_Data_

=== Section Start ===

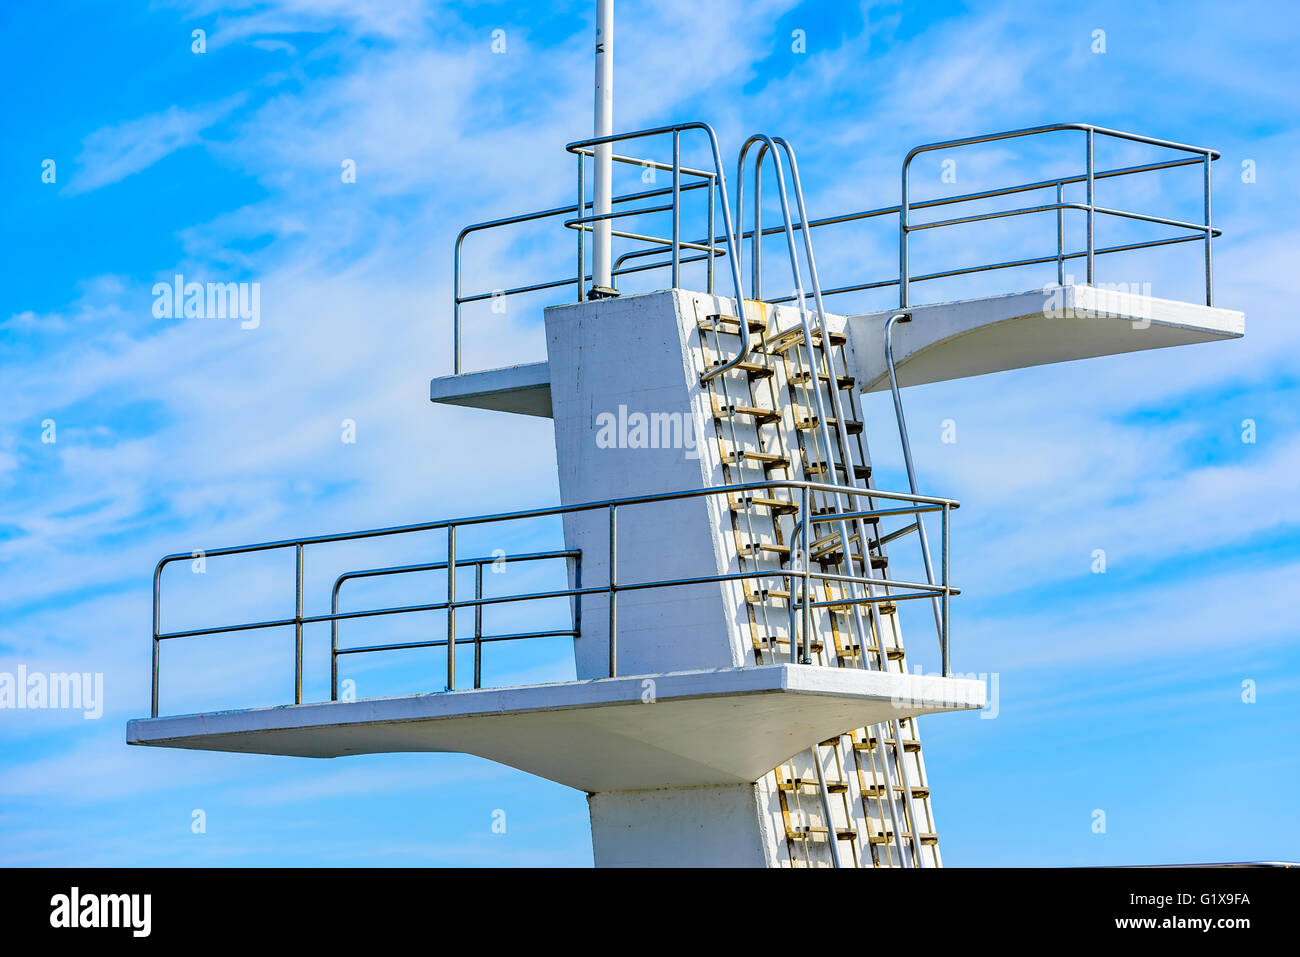 Détail d'un public blanc tour de plongée ou plateforme de plongée contre un ciel bleu. Banque D'Images
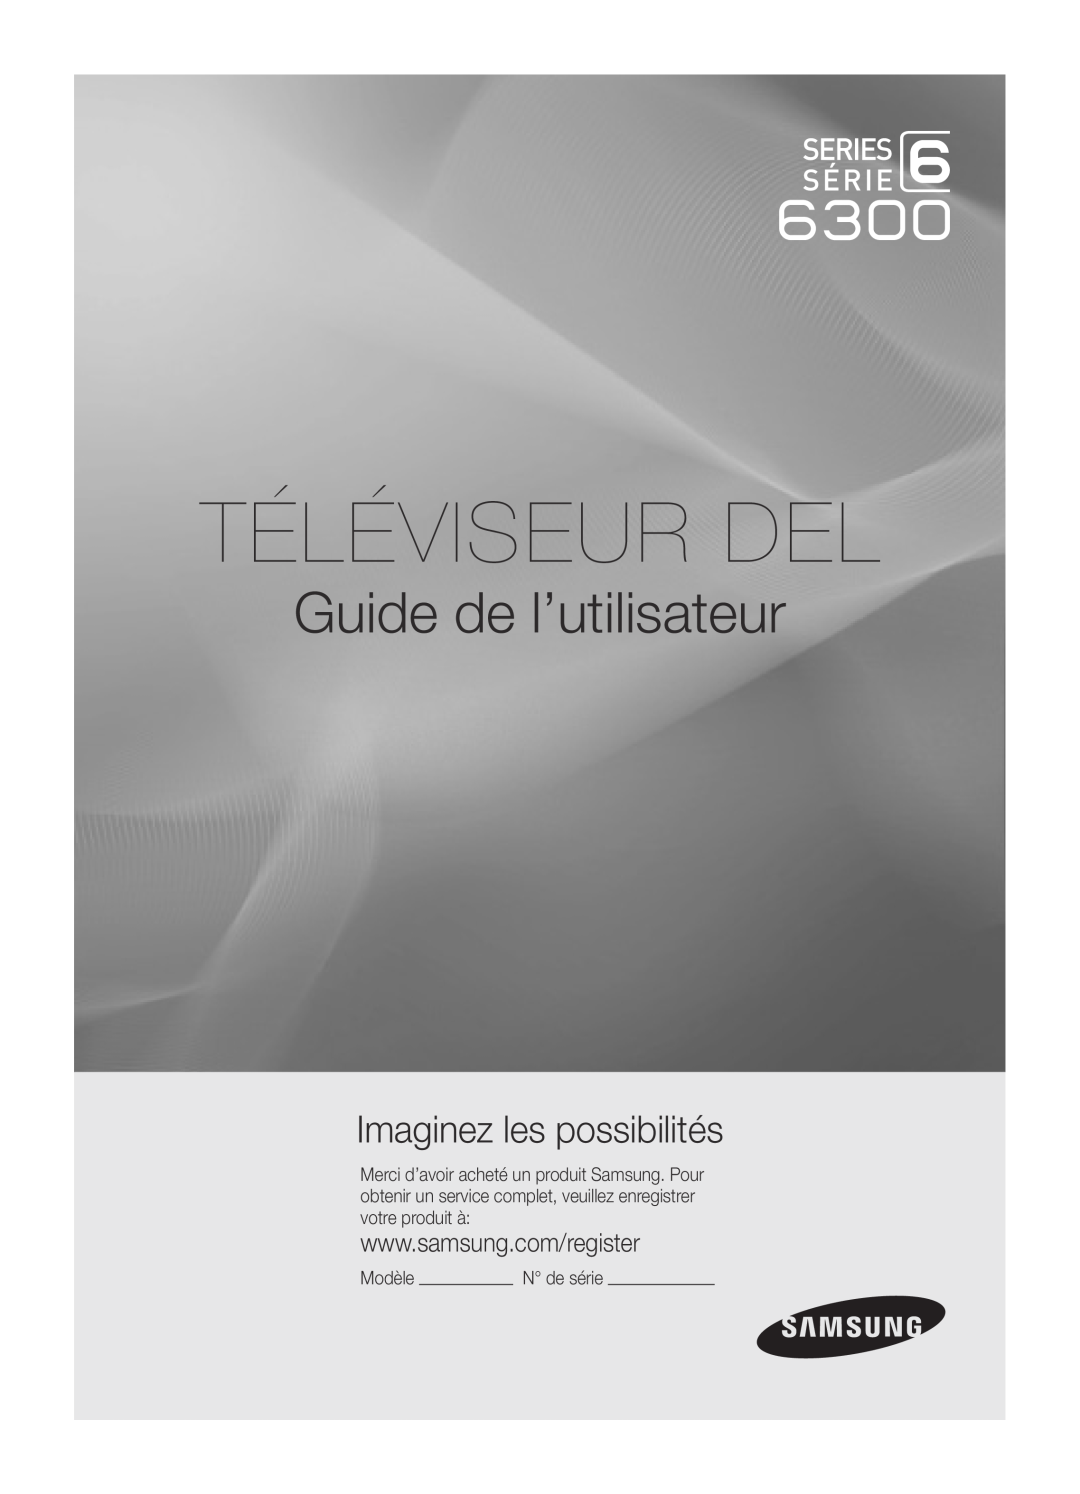 Samsung UC6300-ZC, BN68-03165B-01 user manual Téléviseur Del, Guide de l’utilisateur, Imaginez les possibilités 
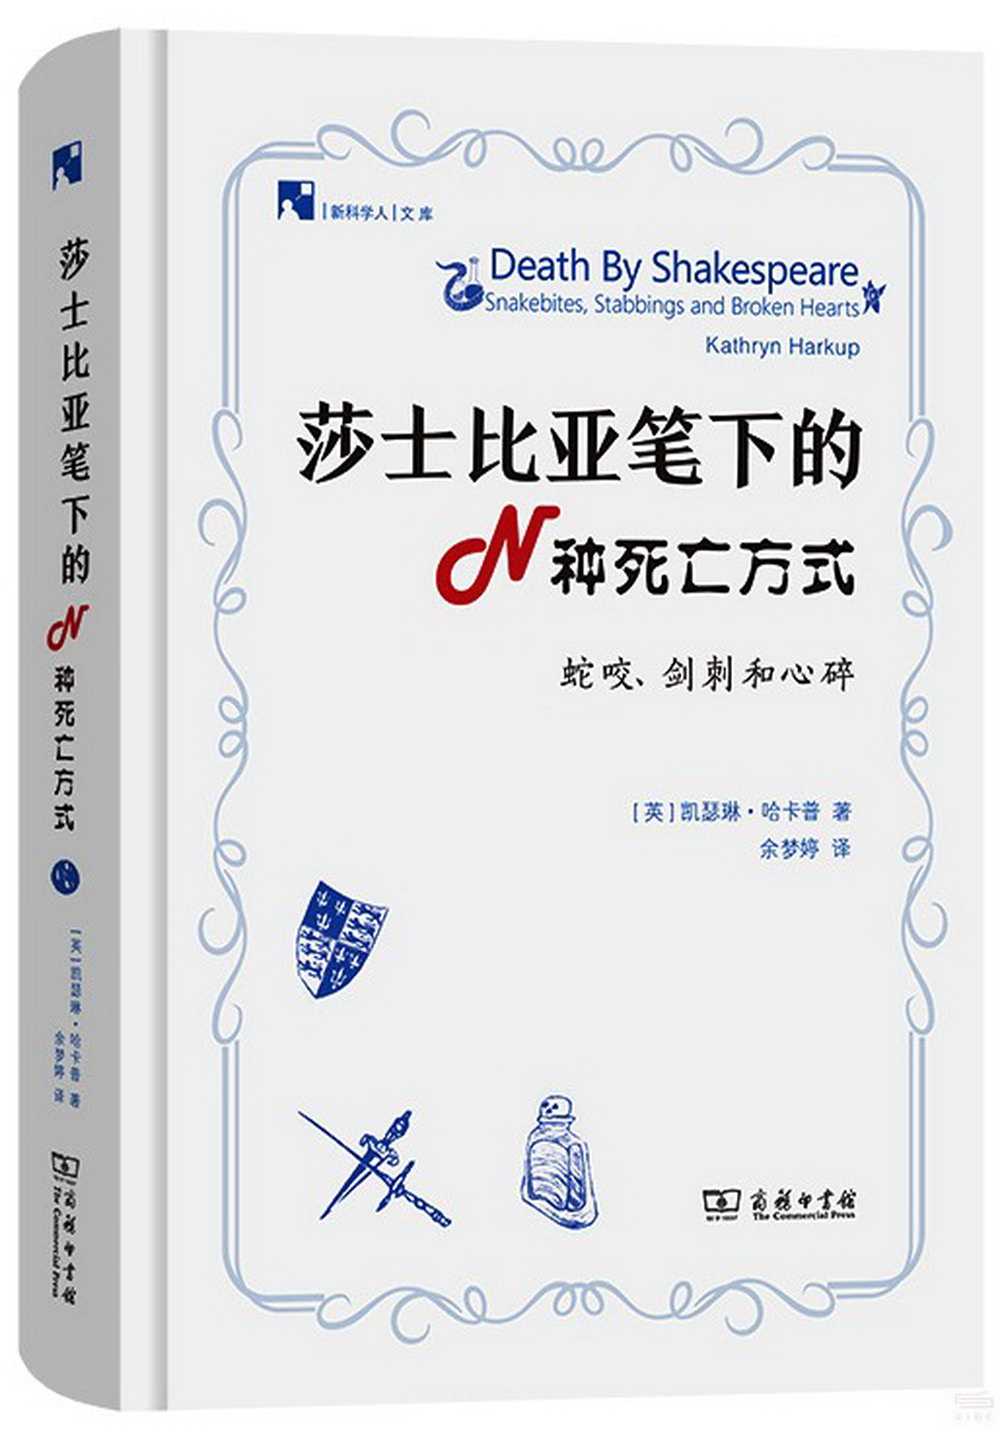 莎士比亞筆下的N種死亡方式：蛇咬、劍刺和心碎
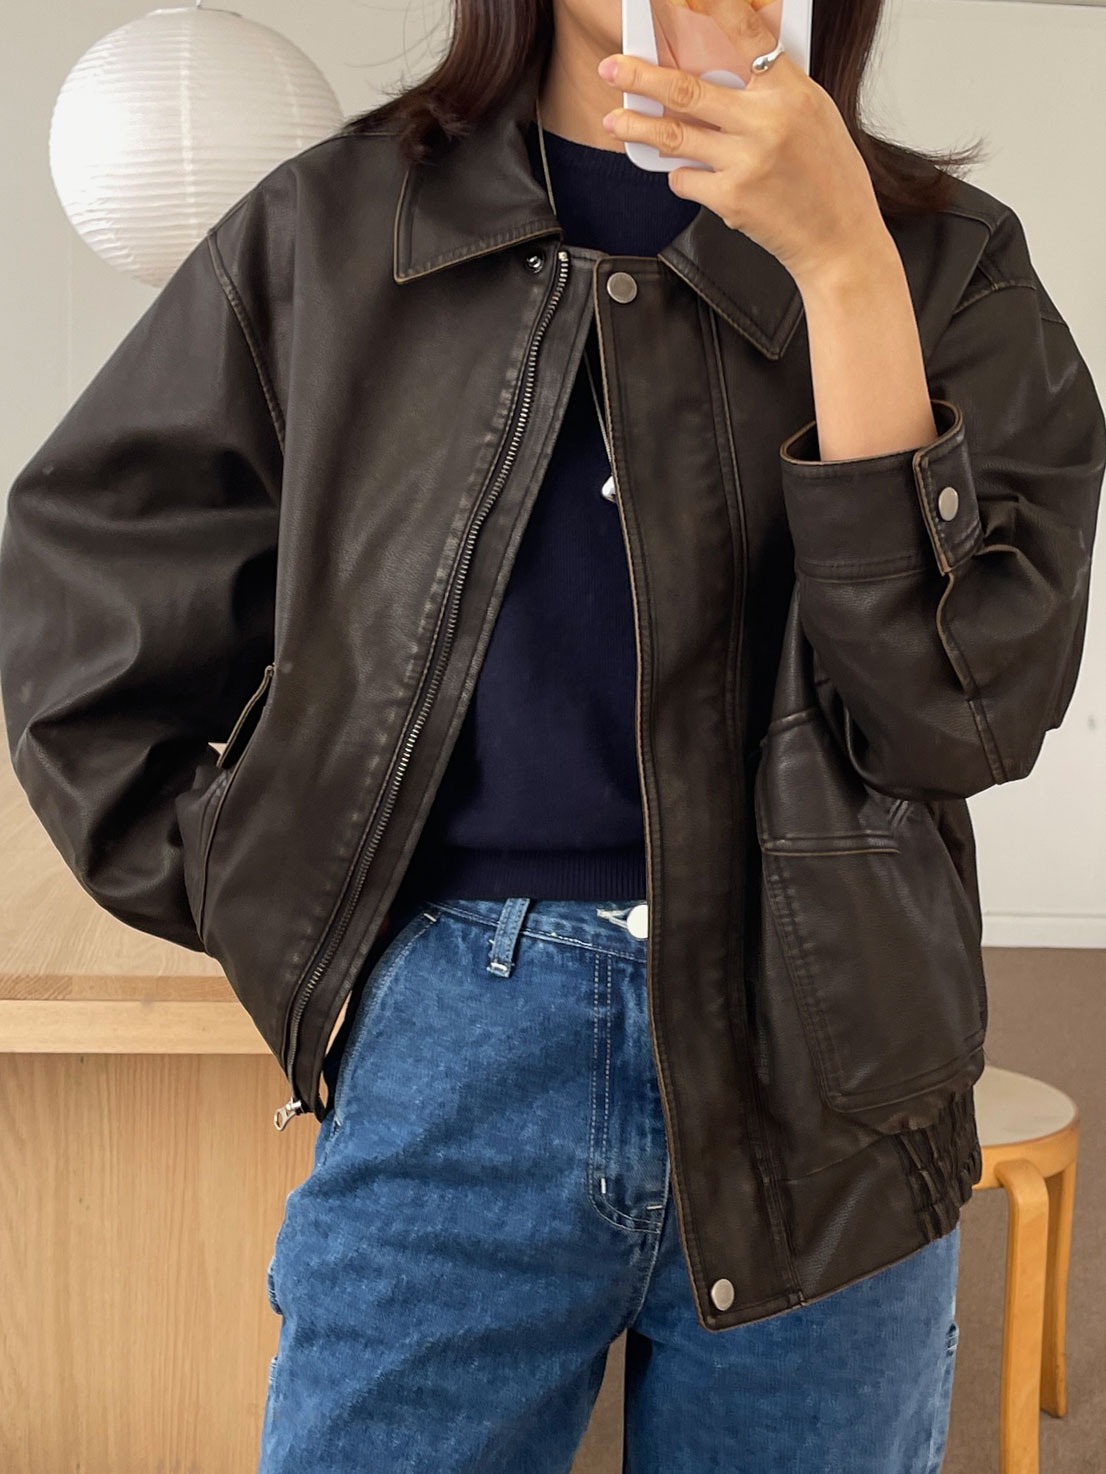 Leanna pigment leather jacket (2color)

=== Section End ===

_Exercise instructions_
The copy must begin at the line containing "Samsung UC6300-ZC, BN68-03165B-01" and end at the last line of the data above, with every line retyped exactly and no pictures included.

_Solution_
 Samsung UC6300-ZC, BN68-03165B-01 user manual Téléviseur Del, Guide de l’utilisateur, Imaginez les possibilités 
 莎士比亞筆下的N種死亡方式：蛇咬、劍刺和心碎
 Leanna pigment leather jacket (2color)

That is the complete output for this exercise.